* [WHAT IS BEING ASKED] Would you transcribe the entries below, beginning at the line with "CESARE PACIOTTI ankle" and ending after the line with "Width: 3.5 inches", exactly, with no picture and nothing more?

* [INPUT DATA]
□ □ □
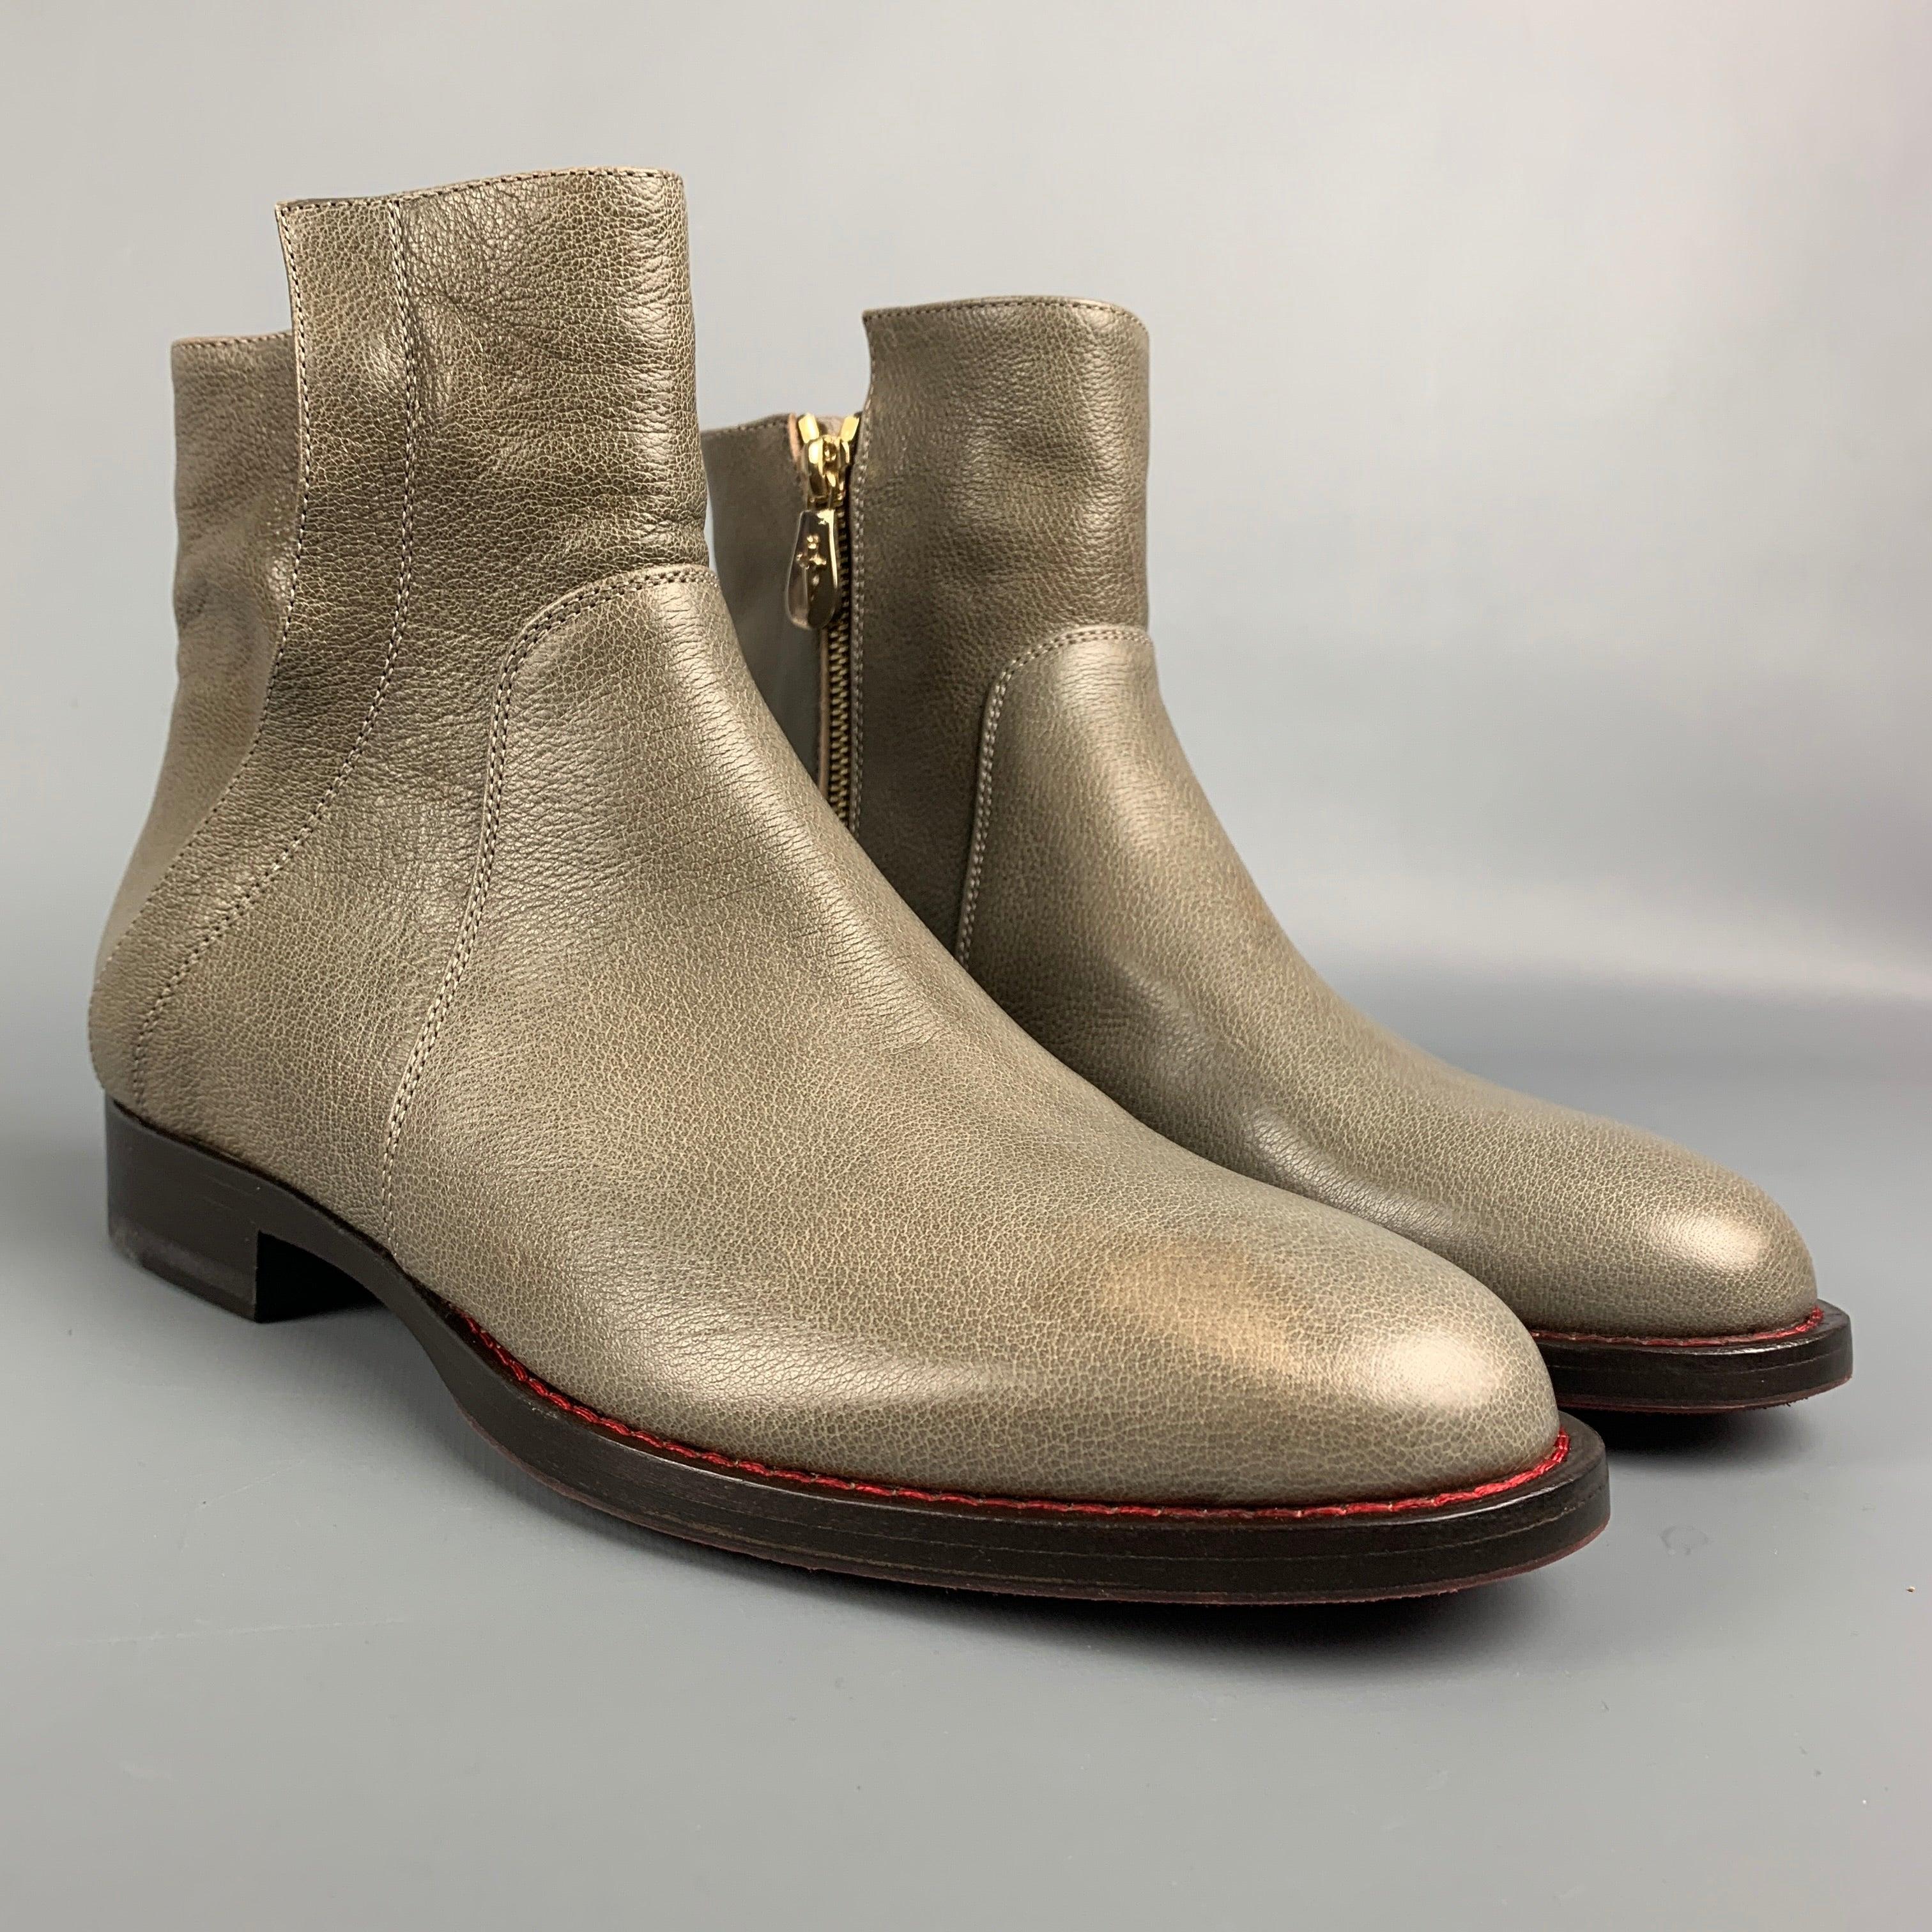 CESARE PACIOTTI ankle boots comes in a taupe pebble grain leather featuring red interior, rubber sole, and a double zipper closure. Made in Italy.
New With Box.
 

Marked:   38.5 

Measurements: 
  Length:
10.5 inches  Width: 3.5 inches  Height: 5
□ □ □
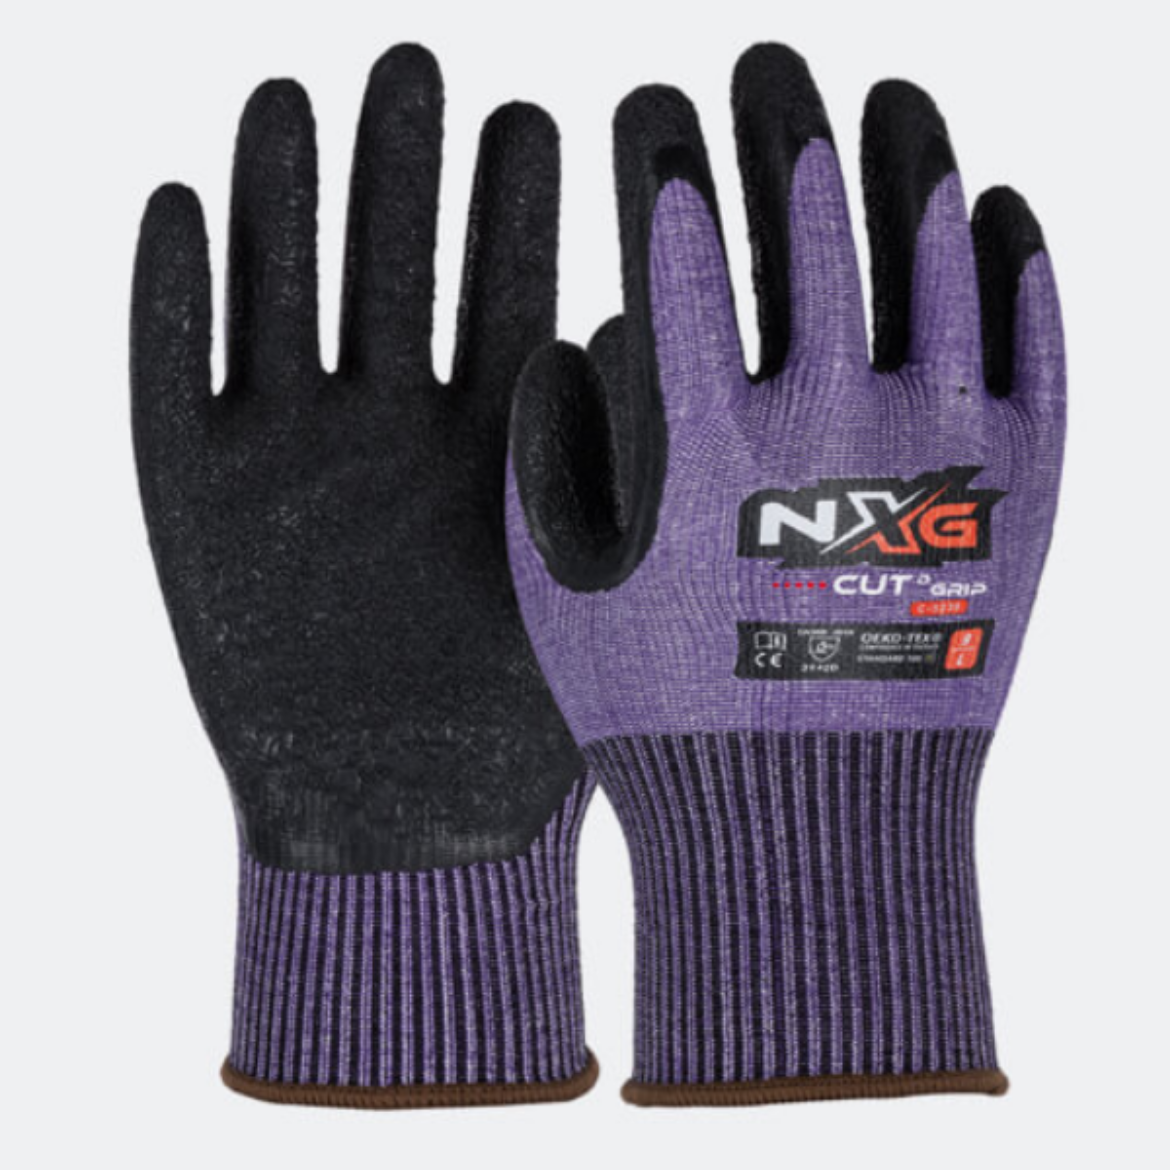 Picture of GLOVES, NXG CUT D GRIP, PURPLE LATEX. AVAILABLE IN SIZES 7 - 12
□ □ □
* [FINISHED TASK]
 CESARE PACIOTTI ankle boots comes in a taupe pebble grain leather featuring red interior, rubber sole, and a double zipper closure. Made in Italy.
New With Box.
 

Marked:   38.5 

Measurements: 
  Length:
10.5 inches  Width: 3.5 inches  Height: 5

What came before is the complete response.